Los tentadores anuncios que Loucks puso en los periódicos del este dieron resultados casi inmediatos. Como era de esperar, los primeros en venderse fueron los solares de la calle Main, la principal, que ya estaba llena de negocios, desde el hotel Windsor en el extremo sur, hasta el arroyo que la cortaba por el Norte. Todavía había terrenos disponibles en las calles laterales, como Grinnell.

– ¡Bueno, será mejor que se mantenga lejos de aquí! -refunfuñó Emily Walcott, mientras conducía al caballo de Jeffcoat a un pesebre-. No quisiera toparme con él más de lo imprescindible.

Pero resultó que se topó con él menos de una hora después. Se encaminaba hacia la casa para ver a su madre, mientras Jeffcoat y J. D. Loucks venían por la calle en el elegante coche Peerless de Loucks, evidentemente recorriendo el pueblo. Emily se detuvo en seco en mitad de la acera, al ver pasar a Loucks con su barba blanca, conduciendo su yunta de tordos. Con los labios apretados, echó una mirada furibunda al hombre que iba junto a él. Debió de haber ido al hotel a lavarse. Se había afeitado las patillas y llevaba una levita con mangas, el corbatín tenía un aspecto correcto sobre la pechera de la camisa blanca, limpia. ¡Pero la sonrisa del joven la hizo apretar los puños!

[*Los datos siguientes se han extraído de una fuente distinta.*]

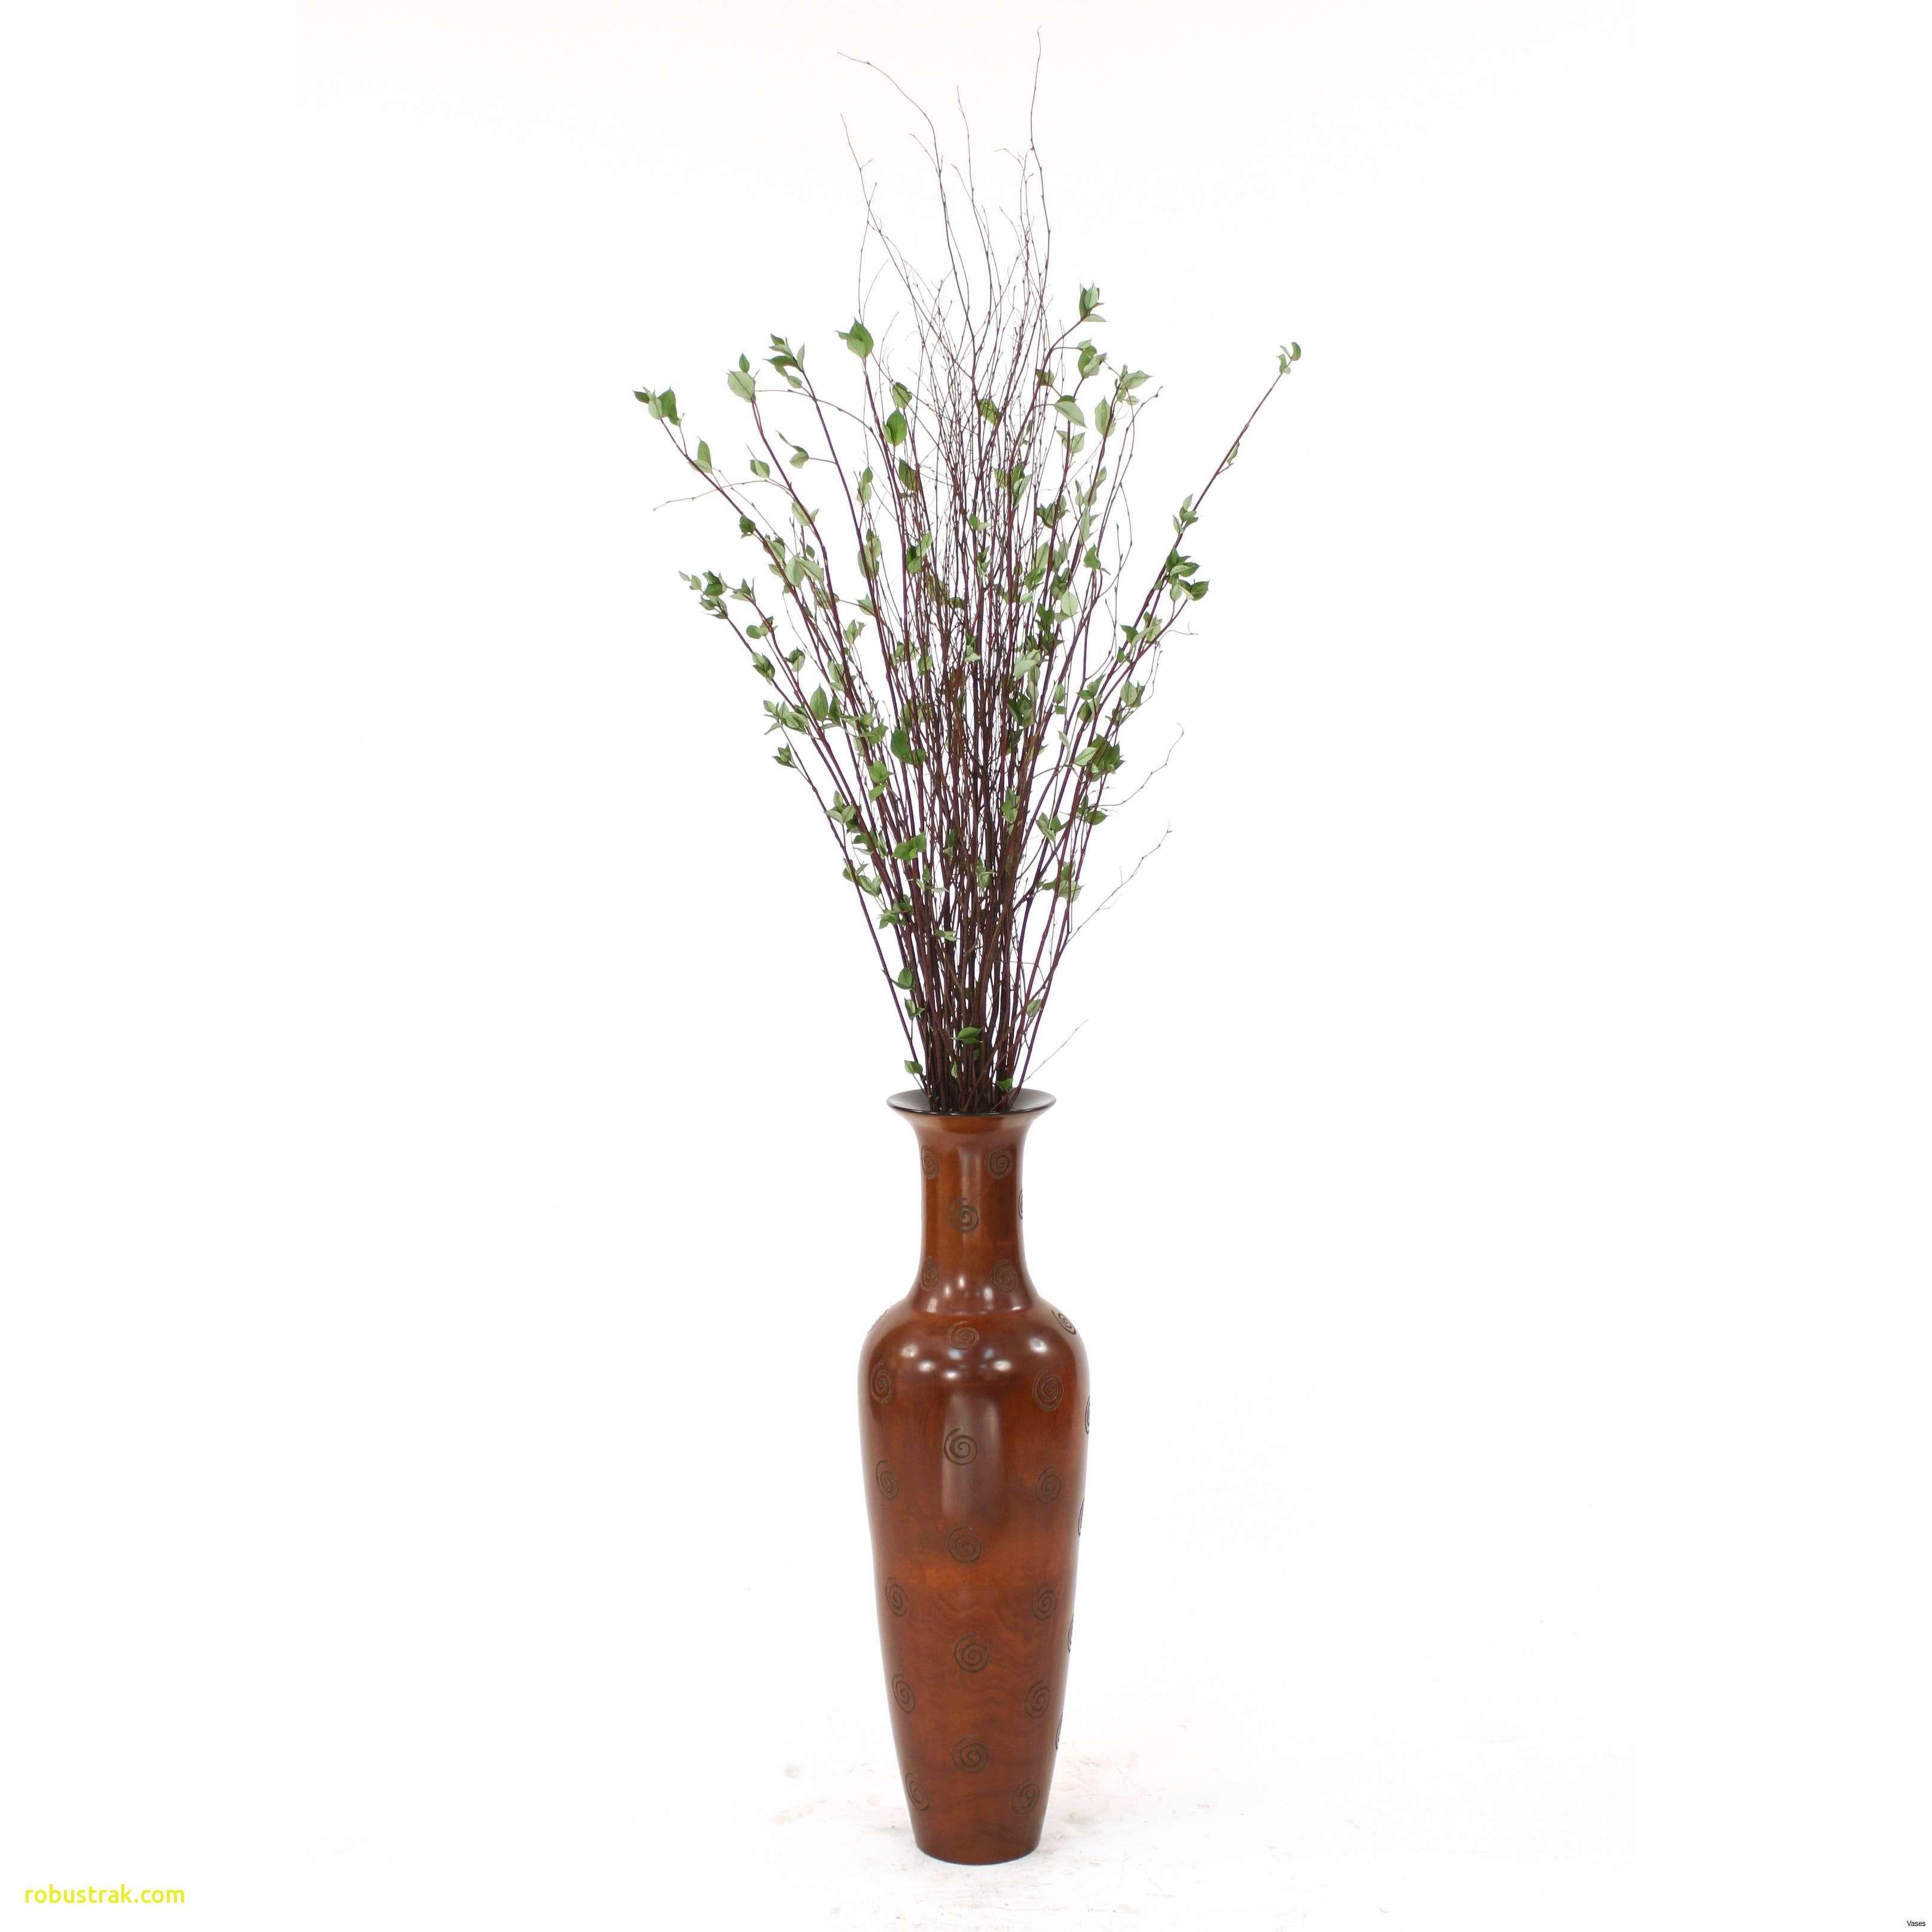 decorative sticks for tall vases of tall red floor vase lovely floor vase with sticks elegant 10 ways to intended for tall red floor vase lovely floor vase with sticks elegant 10 ways to fill empty corners
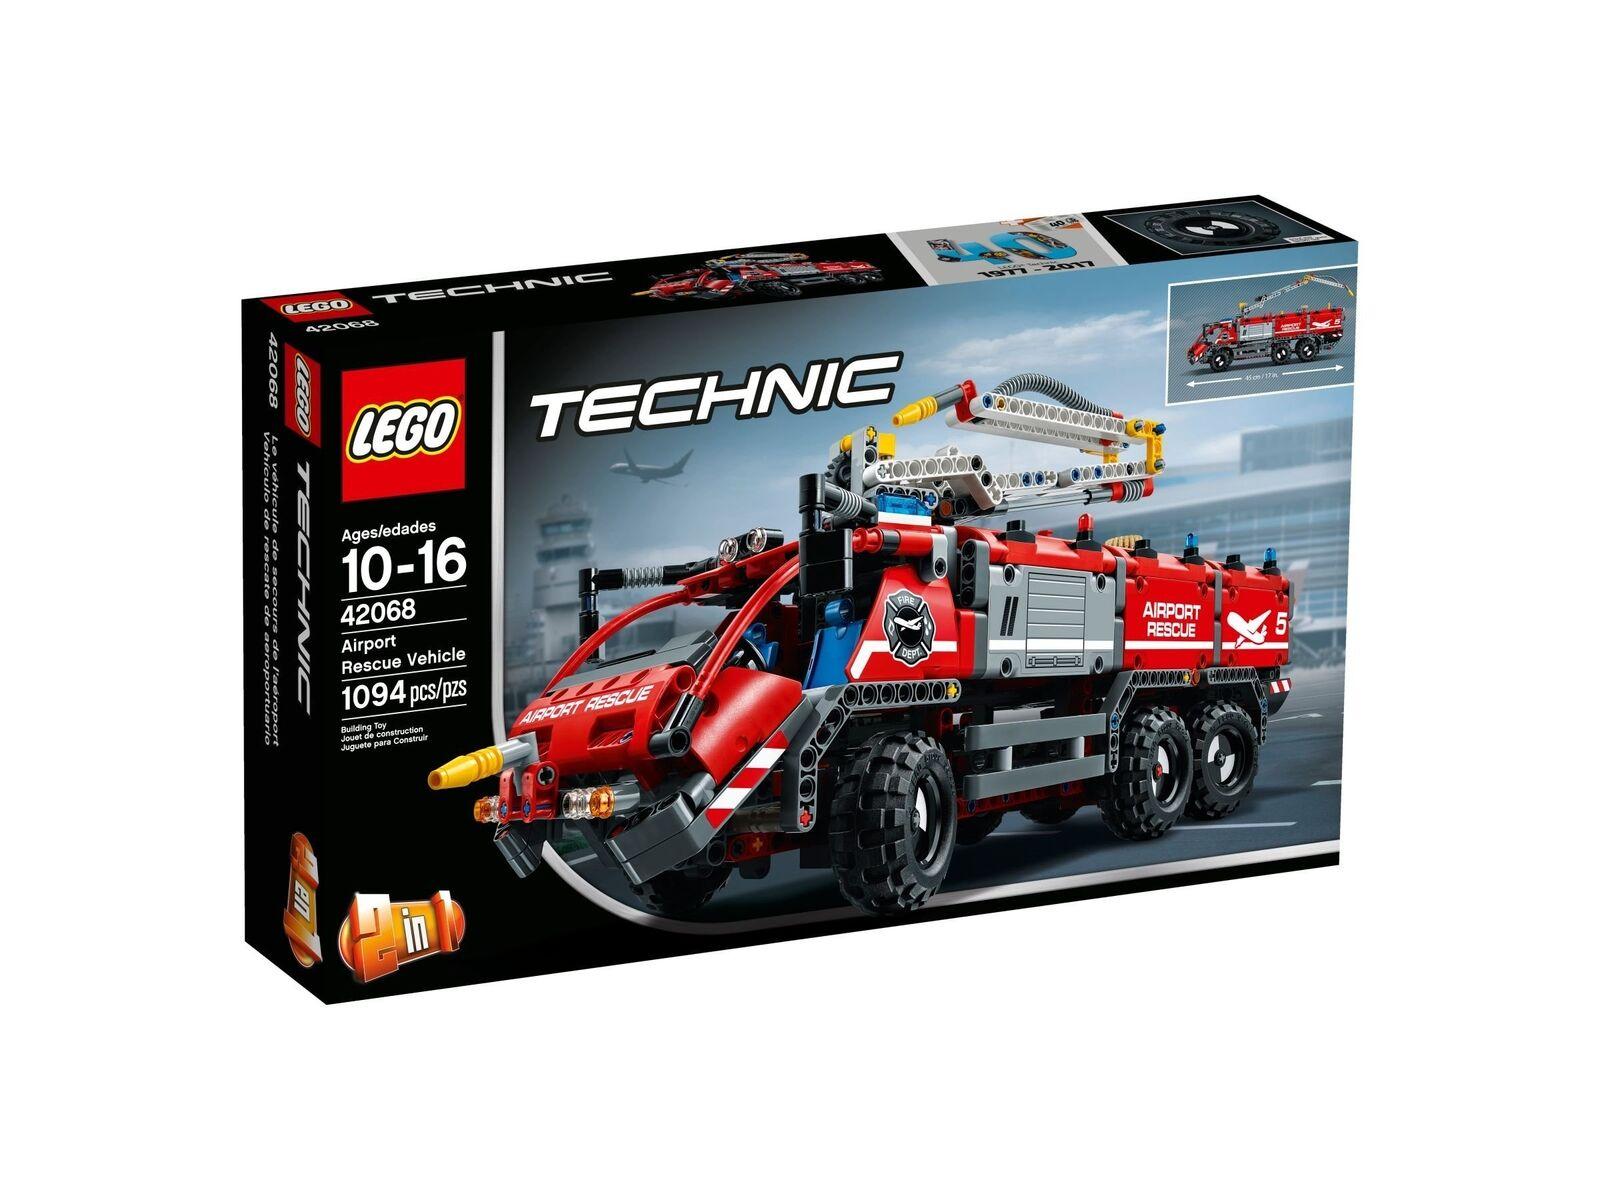 Técnica Lego ™ 42068 Cargas Pesadas Nuevo Embalaje Original Misb

Jeffcoat se tocó el ala del sombrero y saludó a Emily con la cabeza, mientras esta sentía que se le coloreaban las mejillas. Dejó la vista clavada en ella hasta que el coche siguió adelante y pasó. Entonces, la muchacha reanudó sus zancadas furibundas y deseó haberle arrojado el tridente a la cabeza cuando tuvo ocasión.